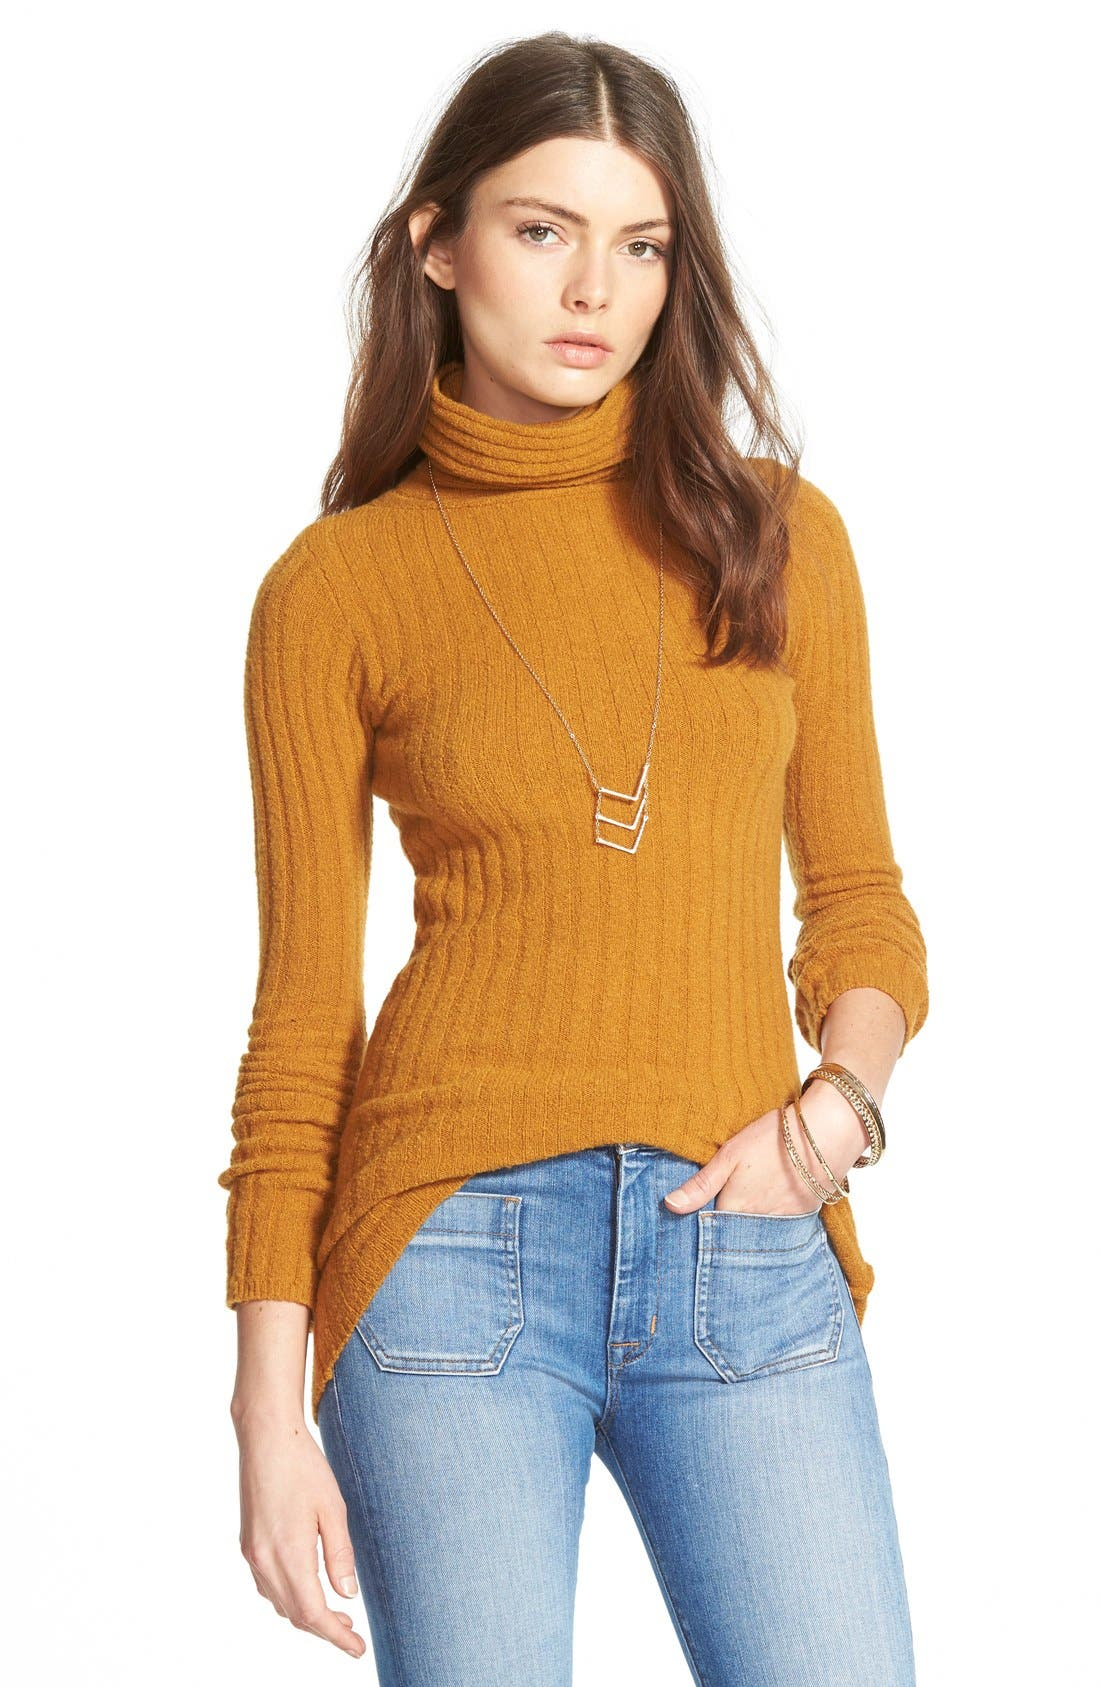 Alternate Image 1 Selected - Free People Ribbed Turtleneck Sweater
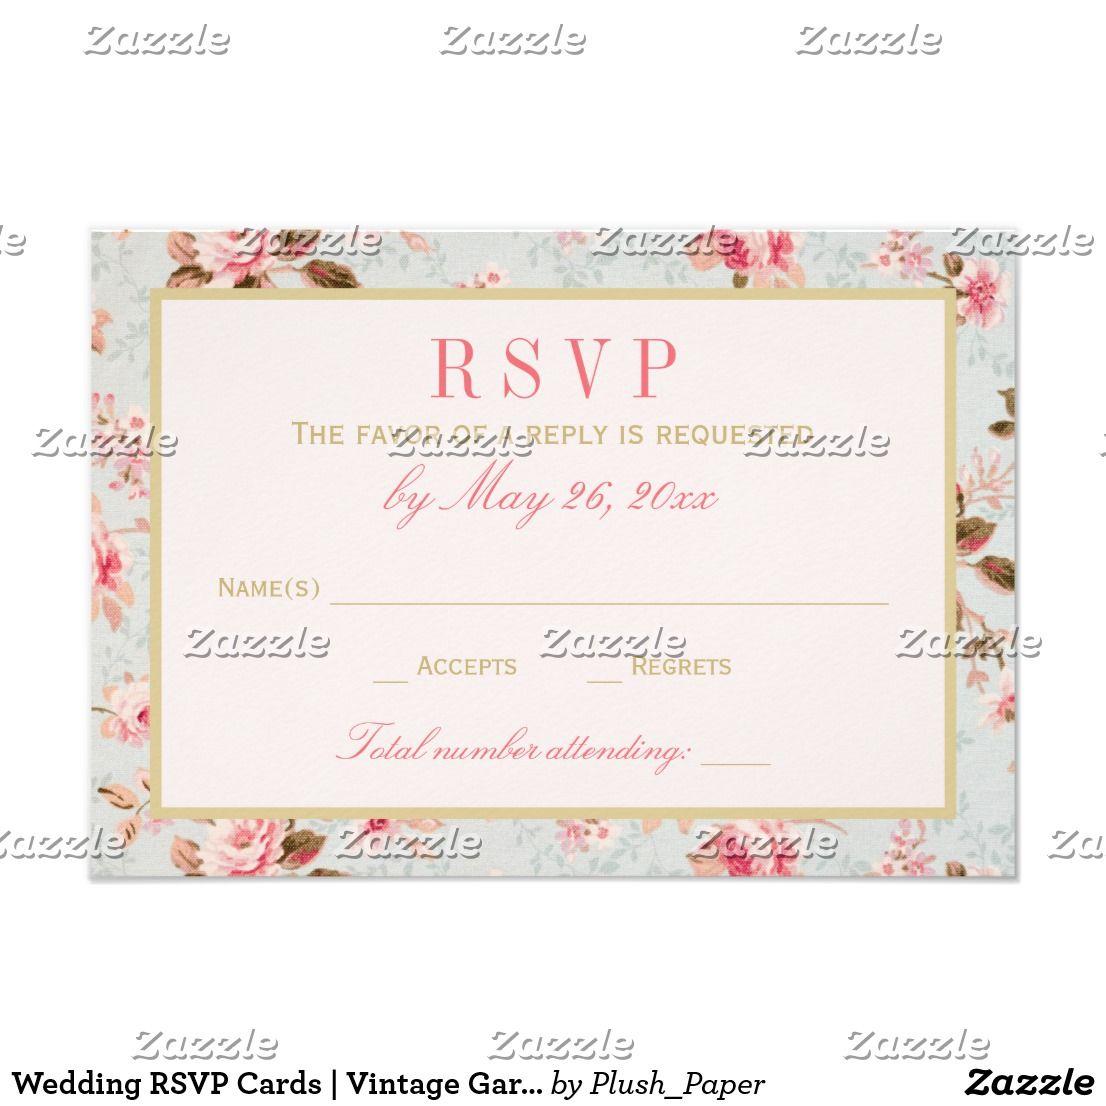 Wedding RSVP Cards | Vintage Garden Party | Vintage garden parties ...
+++
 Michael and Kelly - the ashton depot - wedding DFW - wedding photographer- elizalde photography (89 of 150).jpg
+++
*DESCRIPTION OF THE TASK*: In the data above, take the line with "Alternate Image 1", the line with "Wedding RSVP Cards", and every line between, and set them down exactly without pictures.

*WRITTEN ANSWER*:
 Alternate Image 1 Selected - Free People Ribbed Turtleneck Sweater
 Wedding RSVP Cards | Vintage Garden Party | Vintage garden parties ...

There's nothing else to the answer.